Linde Wilson, a global health expert for L.E.K. Consulting’s Healthcare Services Practice, is surprised how quickly value-based-care models have taken off, though she acknowledges some parts of the country haven’t really embraced this change.
Managed Healthcare Executive(MHE) recently interviewed Wilson to get her perspective on the move to value-based care. Previously, Wilson served as chief executive officer for both Sharon Regional Health System in Sharon, Pennsylvania, and Aria Health in Philadelphia, where she was also chief operating officer.
MHE: Provide a pulse on where things stand in the shift toward value-based payment. What surprises you?
Wilson: First of all, the embrace of value-based payment has gone a lot faster than anyone had anticipated. More than 90% of payers have value-based products. And fee-for-service payments make up less than one-third of payments today. Of course, a lot of this depends on what part of the country you’re in.
This shift has been helped along by the Centers for Medicare & Medicaid Services taking a stand in this area. And that leads to private payers realizing that the movement to value-based payment is really happening. That said, I do appreciate the frustration that value-based payment isn’t moving fast enough-on the provider side, in particular.
MHE: Tell me what you’re seeing in different parts of the country in terms of value-based care.
Wilson: Rural areas are definitely lagging. Value-based care has really taken off in Massachusetts, where there’s a lot of competition. Rural areas don’t have that kind of competition, so it will be more difficult for value-based care to take hold.
MHE: What could help providers-even in rural areas-move toward value-based payment models?
Wilson: It’s really difficult for providers to live in two or three worlds, meaning the fee-for-service world and different value-based payment models with different payers. If you’re paid on a fee-for-service basis, then you have to maximize your services and you’re focused on what you’re getting paid for each service. If you’re paid on value, you have to look at the most effective and efficient continuum of care.
Provider organizations are going to need to pull the Band Aid off. They’re living today in a world where margins are getting smaller and smaller-still, regulatory requirements are forcing them to hire people to report on quality measures. They’re going to have to make changes operationally to enable the shift to value-based care.

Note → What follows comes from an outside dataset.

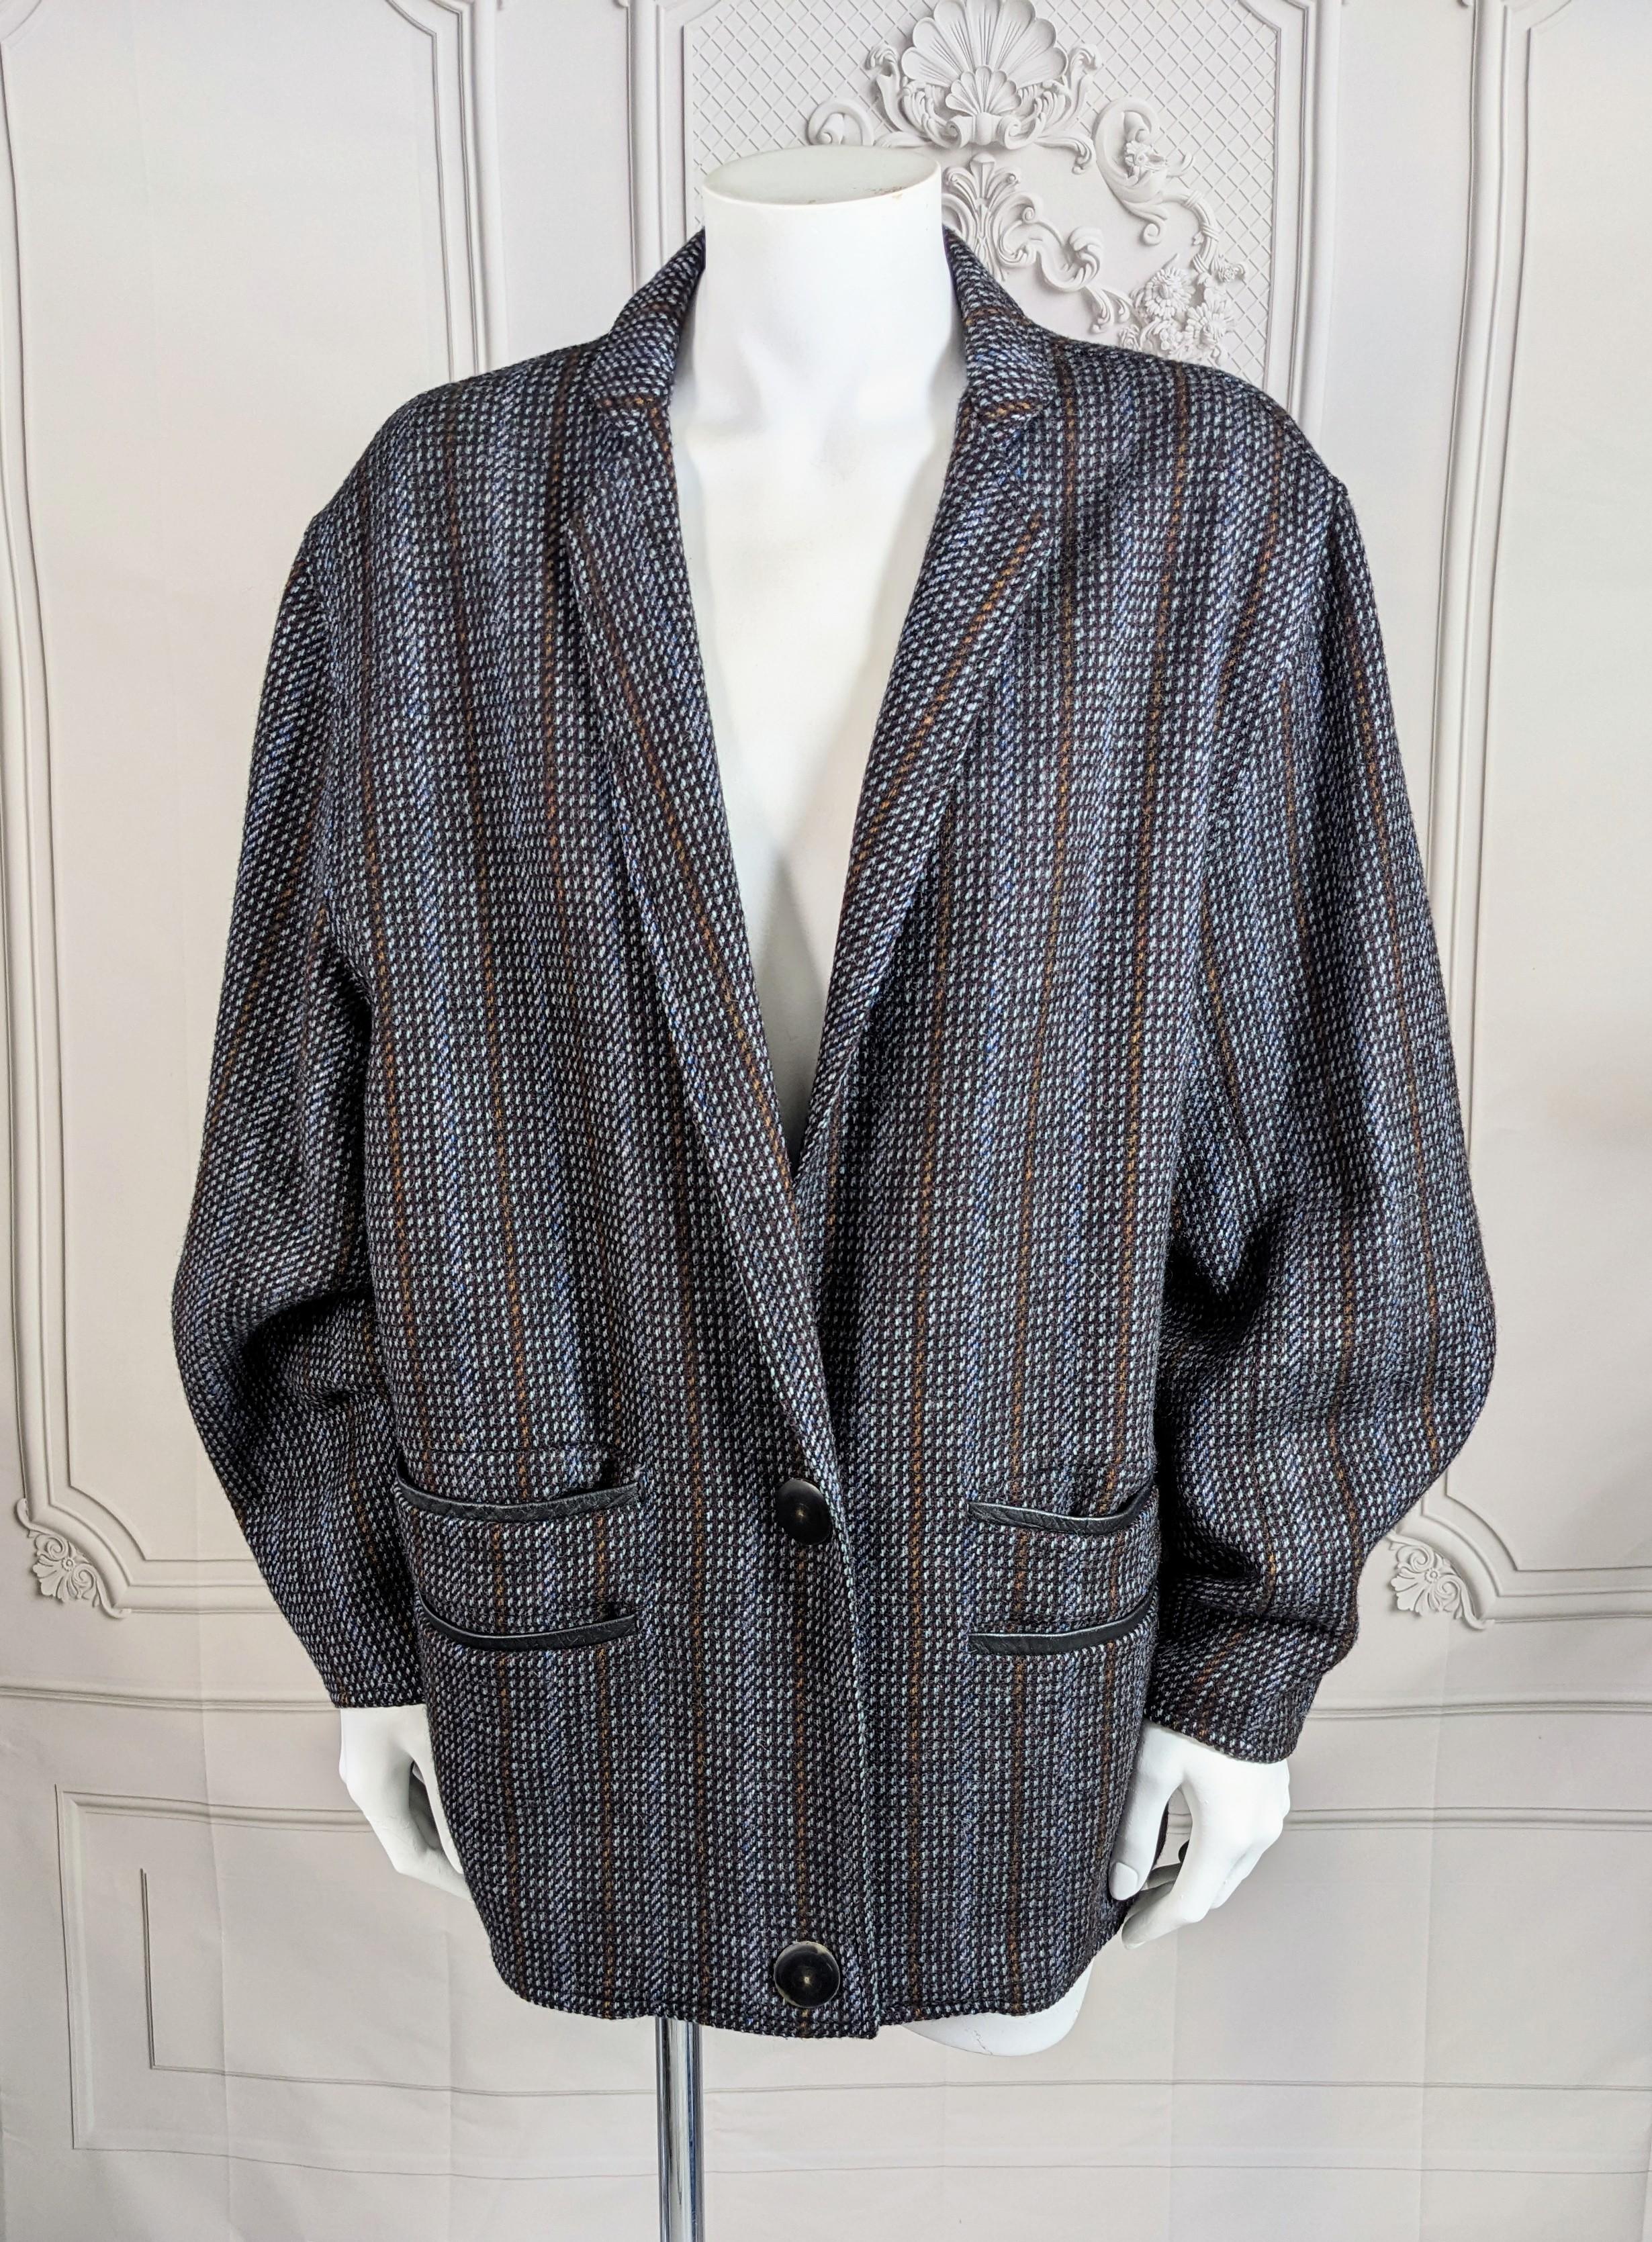 Anne Marie Beretta Sculpted Tweed Jacket  In Good Condition For Sale In New York, NY
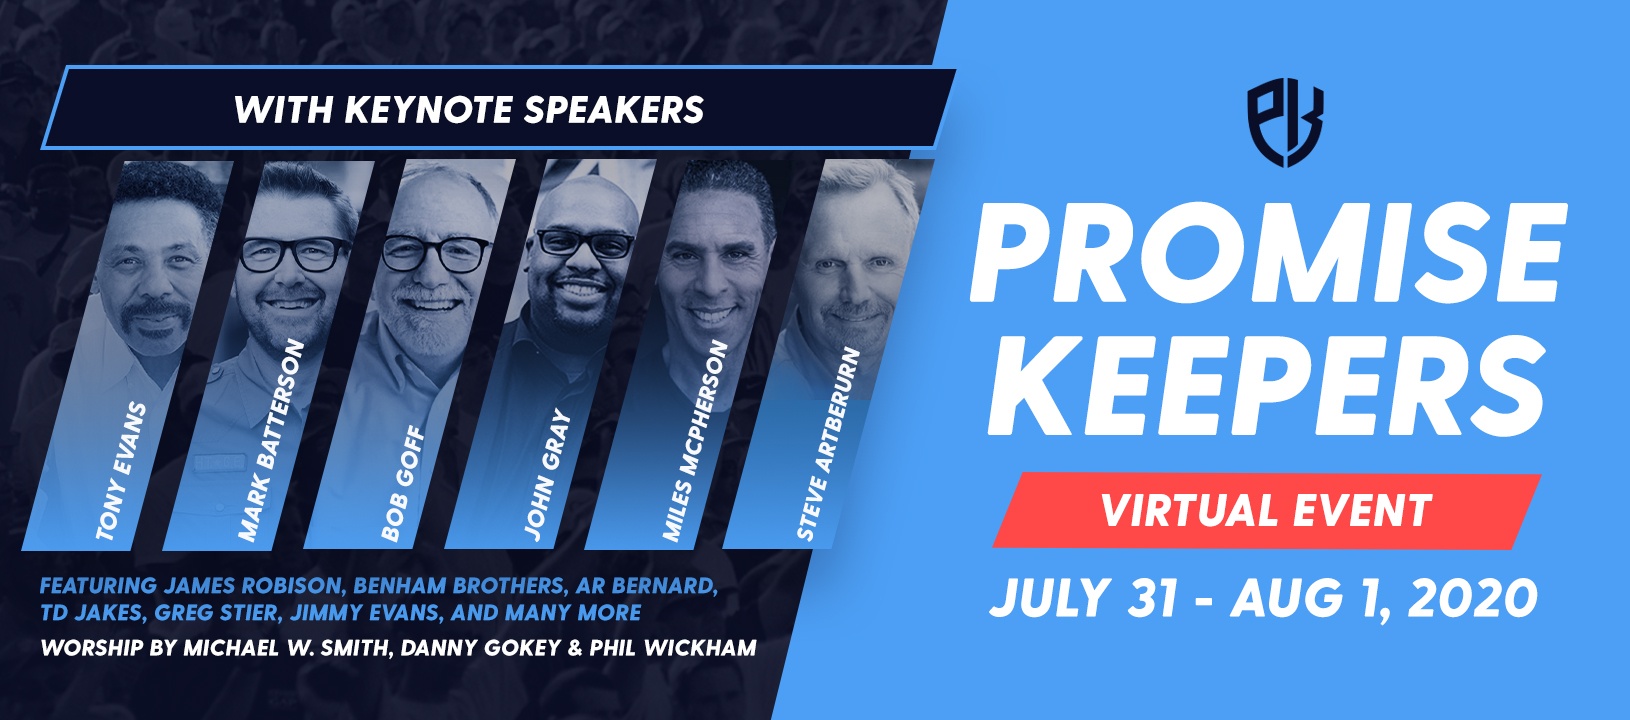 Promise Keepers virtual event July 31 - August 1, 2020

Next: What payers should be paying attention to
MHE: What sorts of operational changes will providers need to make?
Wilson: They’re going to need to invest in technology to track patients and manage their care. Other areas where they should consider investing is with passive movement devices, which can be very helpful for patients recovering from hip surgeries.
Providers will also need to consider the types of investments they need to make in remote monitoring technologies to track patients in their homes. This is one of the evolving care models today, that of “home hospitalization.” The environment is very similar to a low-acuity hospital. In this model, patients are monitored on a remote and in-person basis by nurses.
MHE: What should be getting the attention of payers?
Wilson: Payers should be paying attention to the moves by some providers that are using their trusted brands to become insurers. Think of Geisinger Health System and University of Pittsburgh Medical Center, for example. This is a small population of providers, but it’s still very disruptive. Payers should be worried about this because it could mean losing members.
Payers are going to have start to consider building storefronts, real and virtual. They’re no longer just dealing with employer groups. They’re now serving consumers on a one-on-one basis. That’s a whole different perspective-and one that can lead to brand new products for consumers.